The legislative objective of this bill centres on transparency. In my view, the bill must not allow fee figures or the high-fee threshold to be determined behind closed doors. Amendment 4, therefore, requires the minister to publish, through legislative instrument, the method used to calculate those figures. The medical sector should be able to see, to understand and, where necessary, to scrutinise how the system assigns a fee against the services that they deliver. An opaque methodology would undermine trust, and it would contradict the transparency that this legislation is designed to deliver.
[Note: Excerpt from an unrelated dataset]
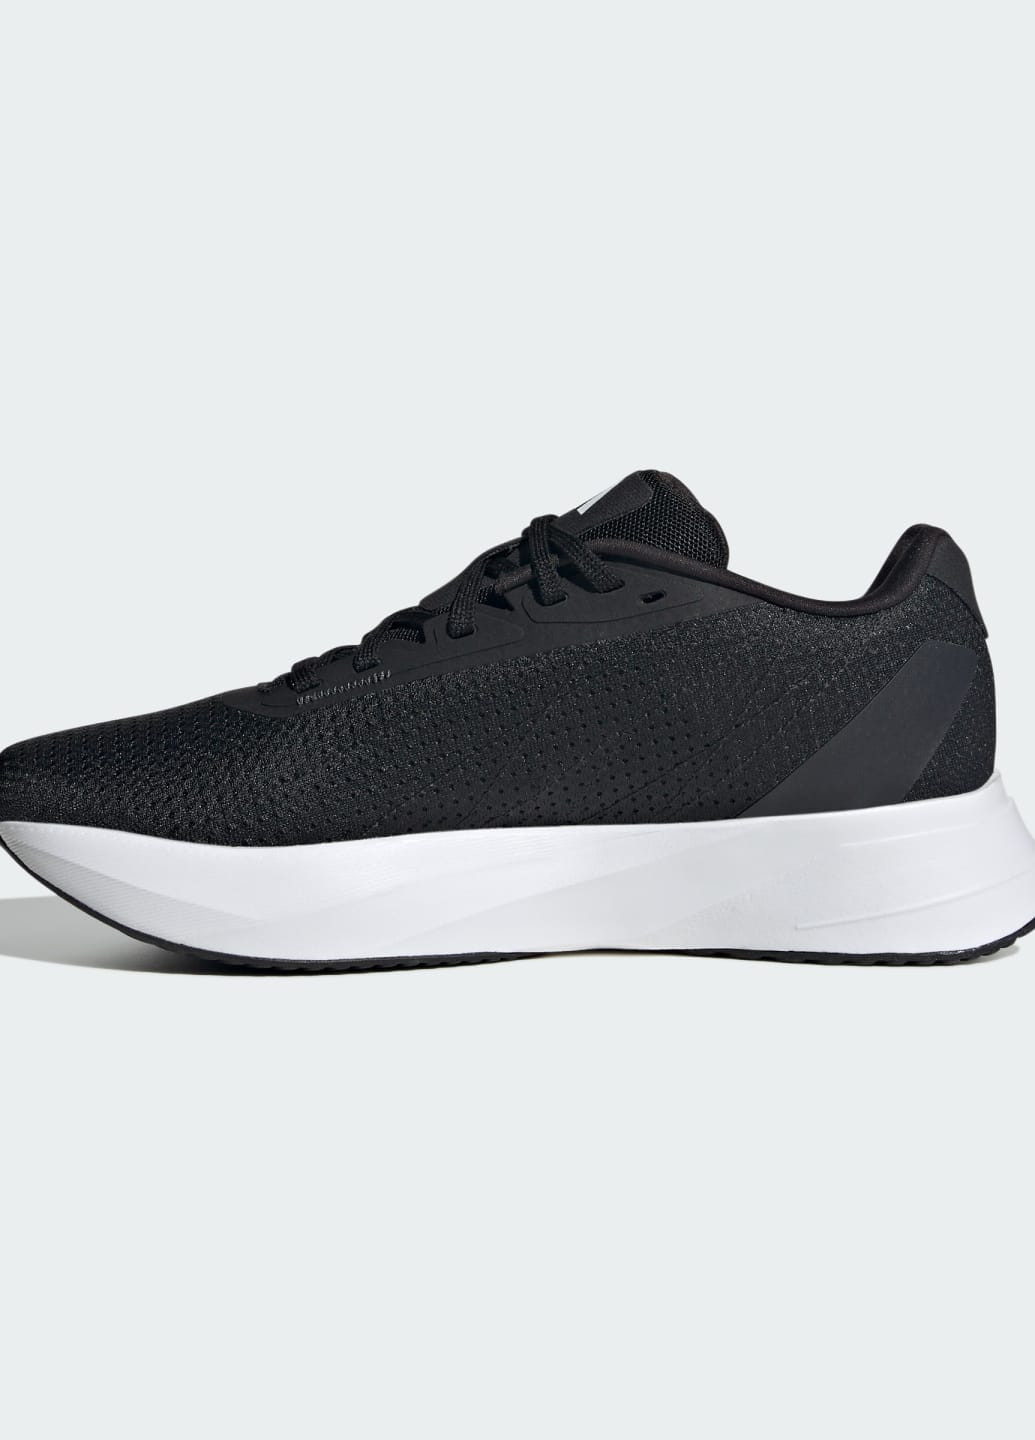 Чорні всесезонні кросівки для бігу duramo sl adidas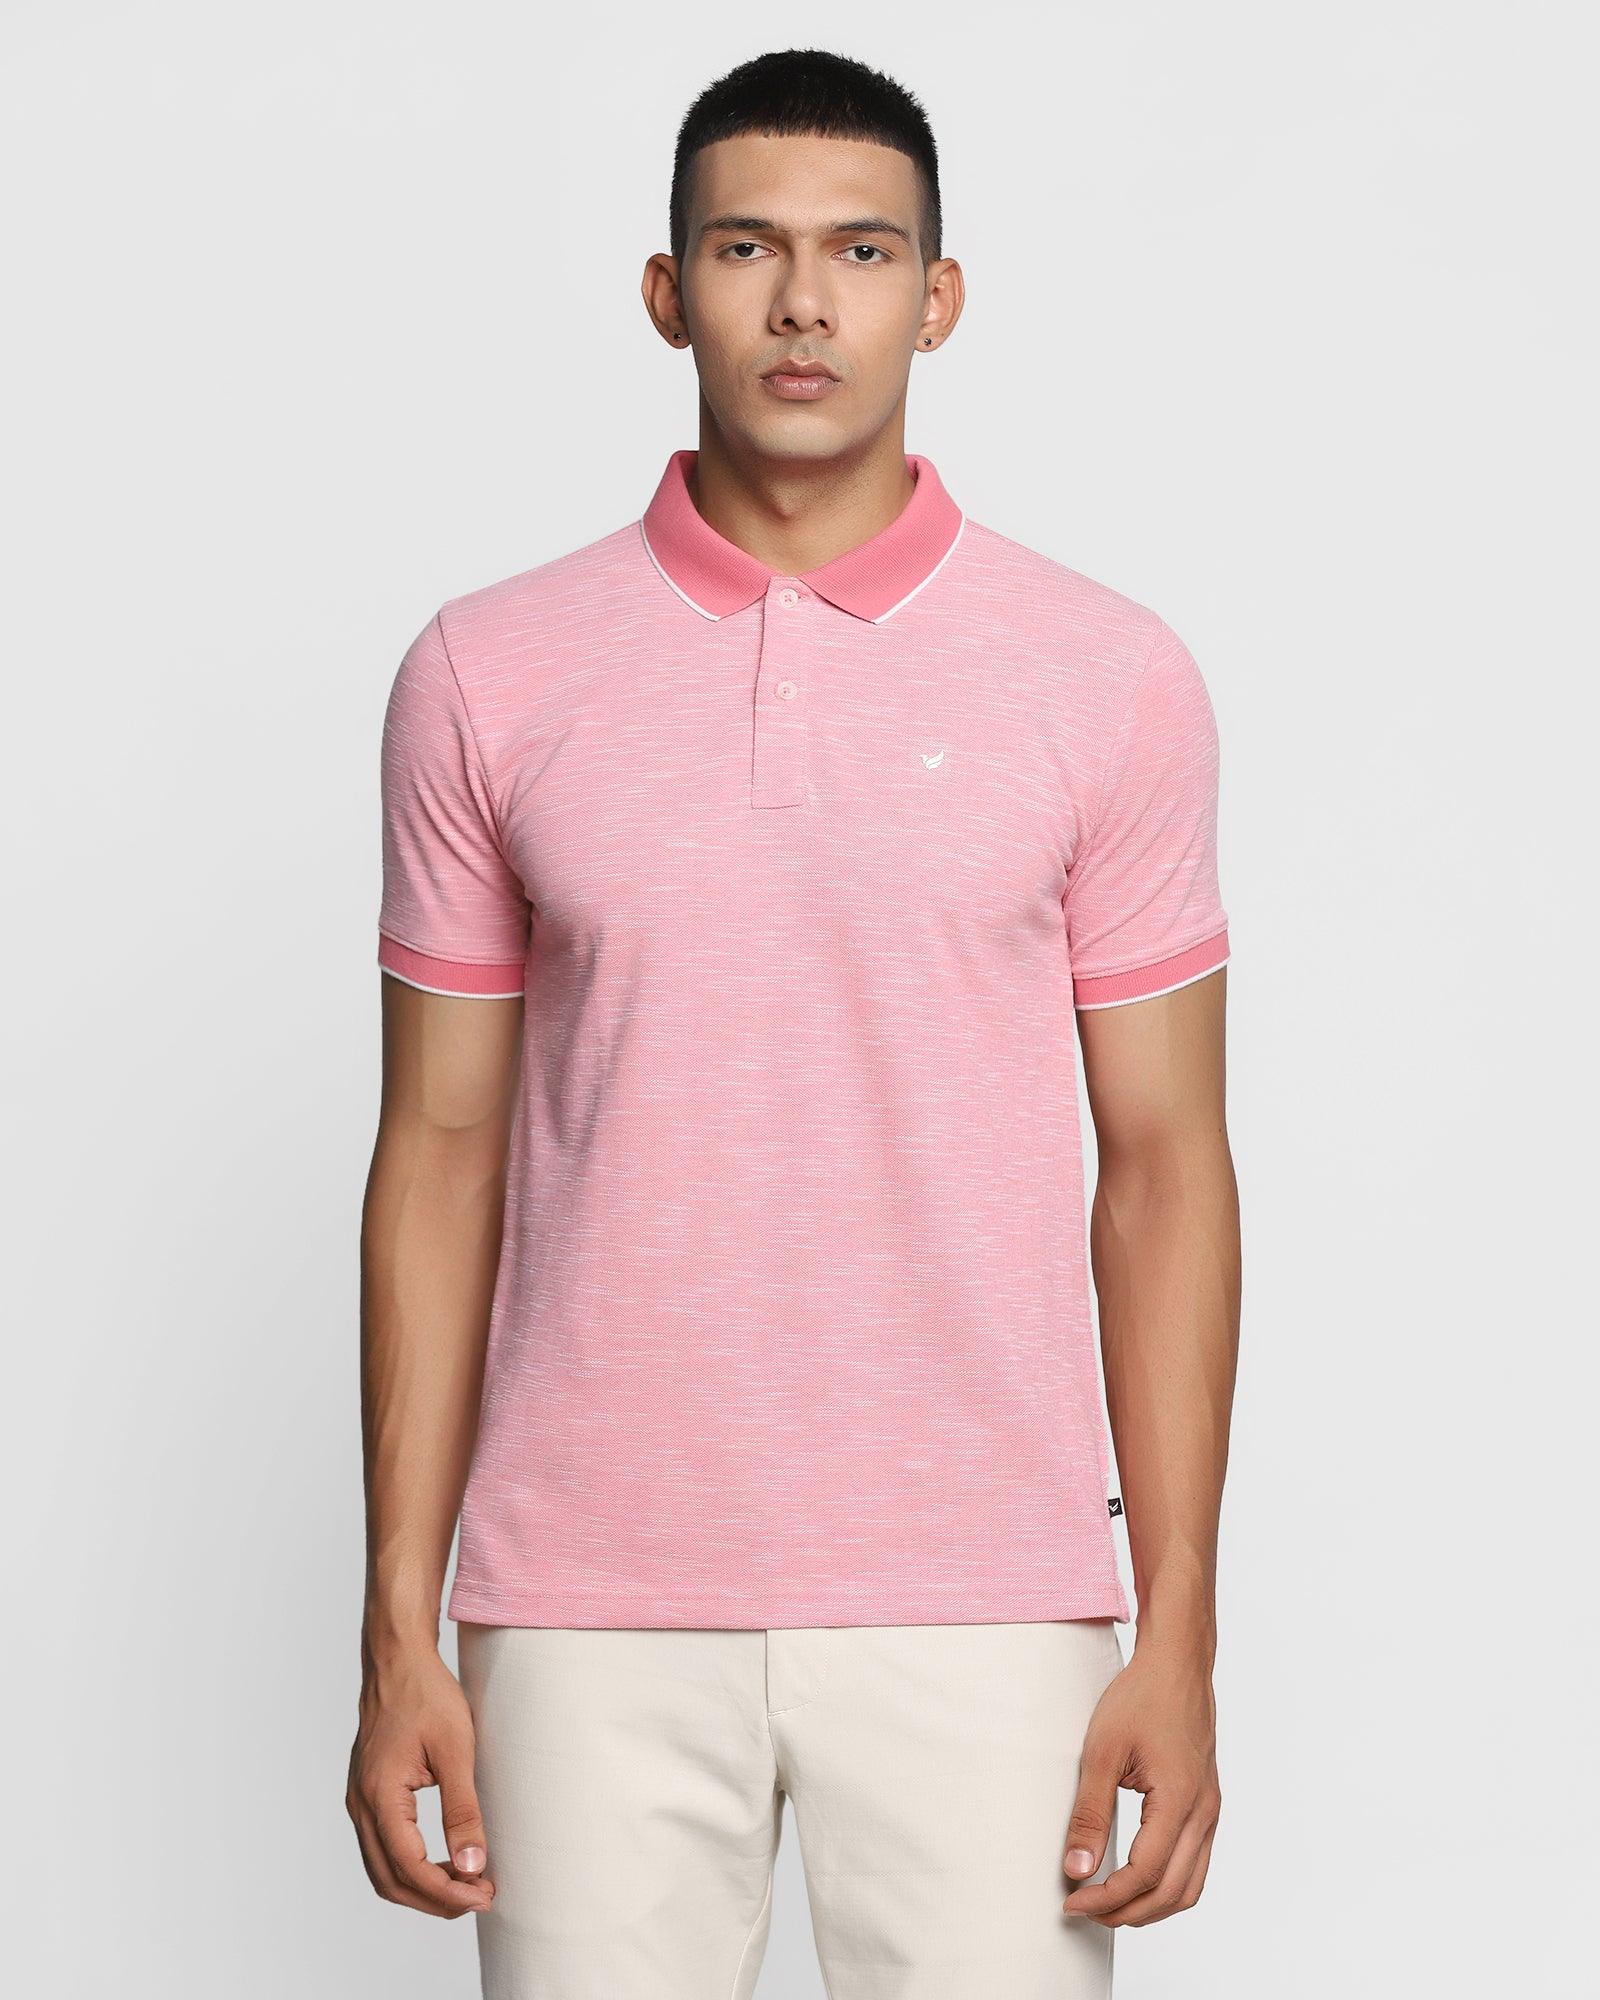 Polo Rasberry Textured T Shirt - Osman

Finally, transparency is meaningful only if its effects are monitored, and amendment 5 introduces an annual reporting requirement on trends identified in pricing and billing data. This would enable a parliament to monitor whether or not this legislation is working, whether specialist fees are moderating and whether the millions of Australians who access specialist care every year are actually and genuinely benefiting from the information that will be available to them as a result of this legislation. By embedding these amendments in the primary legislation, we will give those millions of patients greater certainty. Together, these amendments strengthen the bill's legislated objective of empowering consumers, of improving transparency and fairness and of restoring confidence in a private health system that has to work for patients, not against them.